Inflammatory bowel disease and immunonutrition: novel therapeutic approaches through modulation of diet and the gut microbiome

Abstract

Inflammatory bowel disease (IBD) is a chronic inflammatory condition of the gastrointestinal tract, thought to at least in part reflect an aberrant immune response to gut bacteria. IBD is increasing in incidence, particularly in populations that have recently immigrated to western countries. This suggests that environmental factors are involved in its pathogenesis. We hypothesize that the increase in IBD rates might reflect the consumption of an unhealthy Western diet, containing excess calories and lacking in key nutritional factors, such as fibre and vitamin D. Several recent studies have determined that dietary factors can dramatically influence the activation of immune cells and the mediators they release through a process called immunonutrition. Moreover, dietary changes can profoundly affect the balance of beneficial versus pathogenic bacteria in the gut. This microbial imbalance can alter levels of microbiota-derived metabolites that in turn can influence innate and adaptive intestinal immune responses. If the diet-gut microbiome disease axis does indeed underpin much of the 'western' influence on the onset and progression of IBD, then tremendous opportunity exists for therapeutic changes in lifestyle, to modulate the gut microbiome and to correct immune imbalances in individuals with IBD. This review highlights four such therapeutic strategies - probiotics, prebiotics, vitamin D and caloric restriction - that have the potential to improve and add to current IBD treatment regimens.

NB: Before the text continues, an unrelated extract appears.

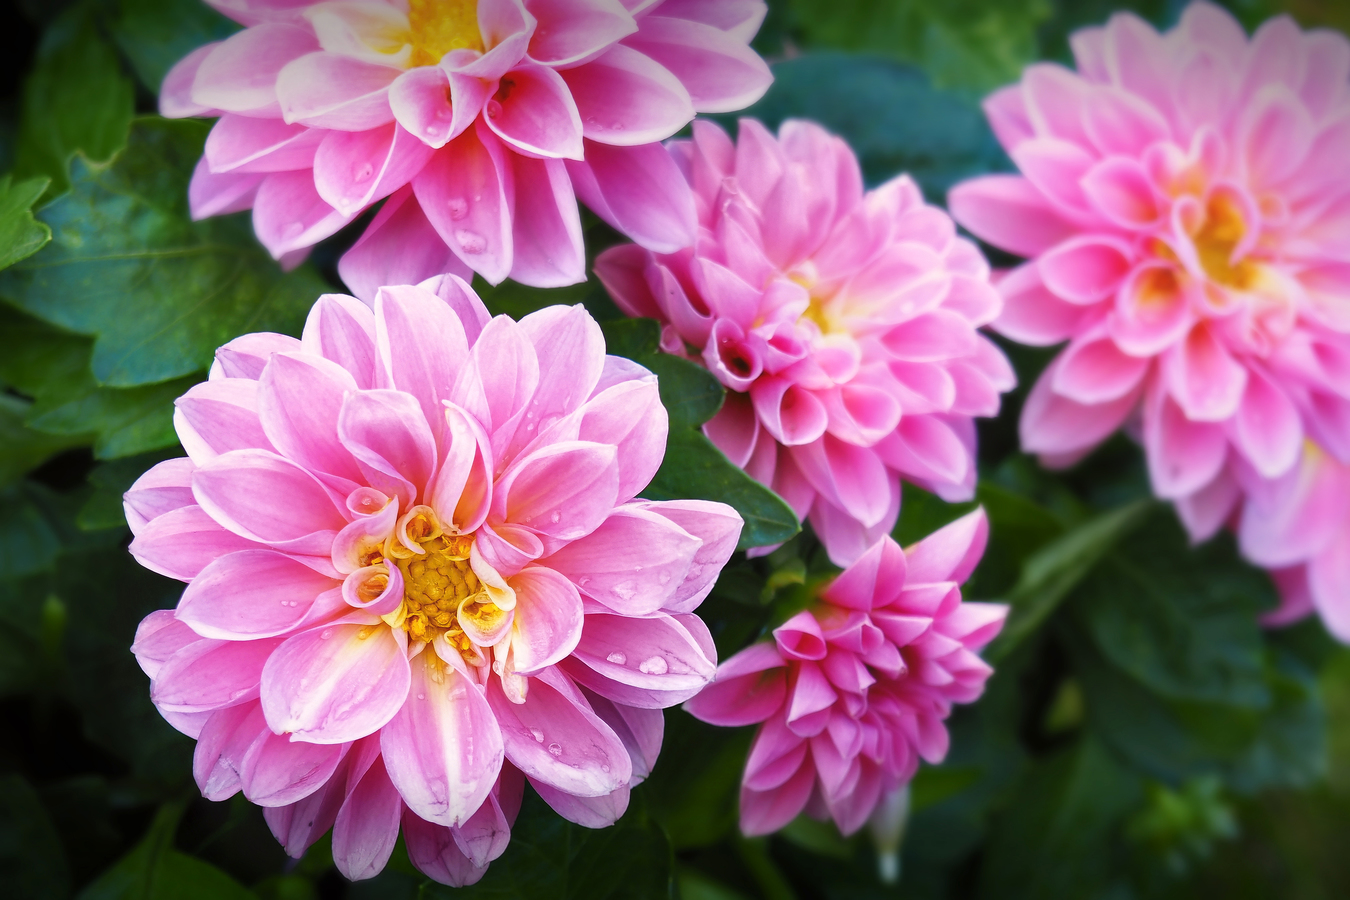 Krásné květy matčiných kytek

Keywords: fasting; gut; immunonutrition; microbiome; prebiotics; probiotics; vitamin D.

Figure 1

Complex interactions that exist between diet, gut microbiota, colonocytes and immune cells during intestinal homeostasis and inflammation. (a) Intestinal homeostasis is associated with a healthier dietary pattern, microbial diversity, higher abundance of beneficial bacteria such as Bifidobacterium spp., Faecalibacterium prausnitzii and Lactobacillus spp., and increased short‐chain fatty acid production, particularly butyrate. Butyrate possesses powerful anti‐inflammatory properties as it promotes regulatory T (Treg) cell proliferation and enhances intestinal barrier function. Dendritic cells within the lamina propria sample commensal microbiota antigens within the intestinal lumen. In response to these commensal antigens, dendritic cells release transforming growth factor‐β (TGF‐β) which activates Treg cells to release interleukin‐10 (IL‐10) and TGF‐β, leading to a more tolerant immune phenotype. A thicker mucus layer is another characteristic of intestinal homeostasis, providing a protective barrier between luminal bacteria and epithelial cells. Lastly, aryl hydrocarbon receptor (AhR) ligands, derived from fruits and vegetables, induce innate lymphoid cell 3 (ILC3) to produce IL‐22, which helps maintain intestinal barrier function. (b) Conversely, intestinal inflammation is associated with a Western dietary pattern and bacterial dysbiosis (i.e. lower microbial diversity, reduced short‐chain fatty acid production, lower abundance of beneficial bacteria, and higher abundance of pathobionts such as Clostridium difficile and Escherichia coli). A thinner, more patchy mucus layer provides less of a protective barrier between the luminal bacteria and colonocytes. Along with a reduction in expression of cellular tight junctions this leads to impaired intestinal barrier function resulting in leakage of bacterial products, such as lipopolysaccharides (LPS), from the intestinal lumen into the lamina propria. LPS bind to toll‐like receptors (TLR) activating macrophages to produce tumour necrosis factor‐α (TNF‐α) which promotes T helper cell type 1 (Th1) to proliferate and release pro‐inflammatory cytokines [i.e. TNF‐α and interferon‐γ (IFN‐γ)] leading to inflammation, which also compromises intestinal barrier function. Additionally, a reduction in IL‐10‐producing Treg cells further contributes to intestinal inflammation.

Figure 2

Summary of immunonutrition strategies that modulate the gut microbiota and help alleviate and re‐balance an inflamed gut. DAI, disease activity index; DC, dendritic cells; HB, hydroxybutyrate; IFN, interferon; IL, interleukin; mTOR, mechanistic target of rapamycin; NF, nuclear factor; SCFA, short‐chain fatty acids; Th, T helper cell; TLR, toll‐like receptors; TNF, tumour necrosis factor; Treg, regulatory T cell.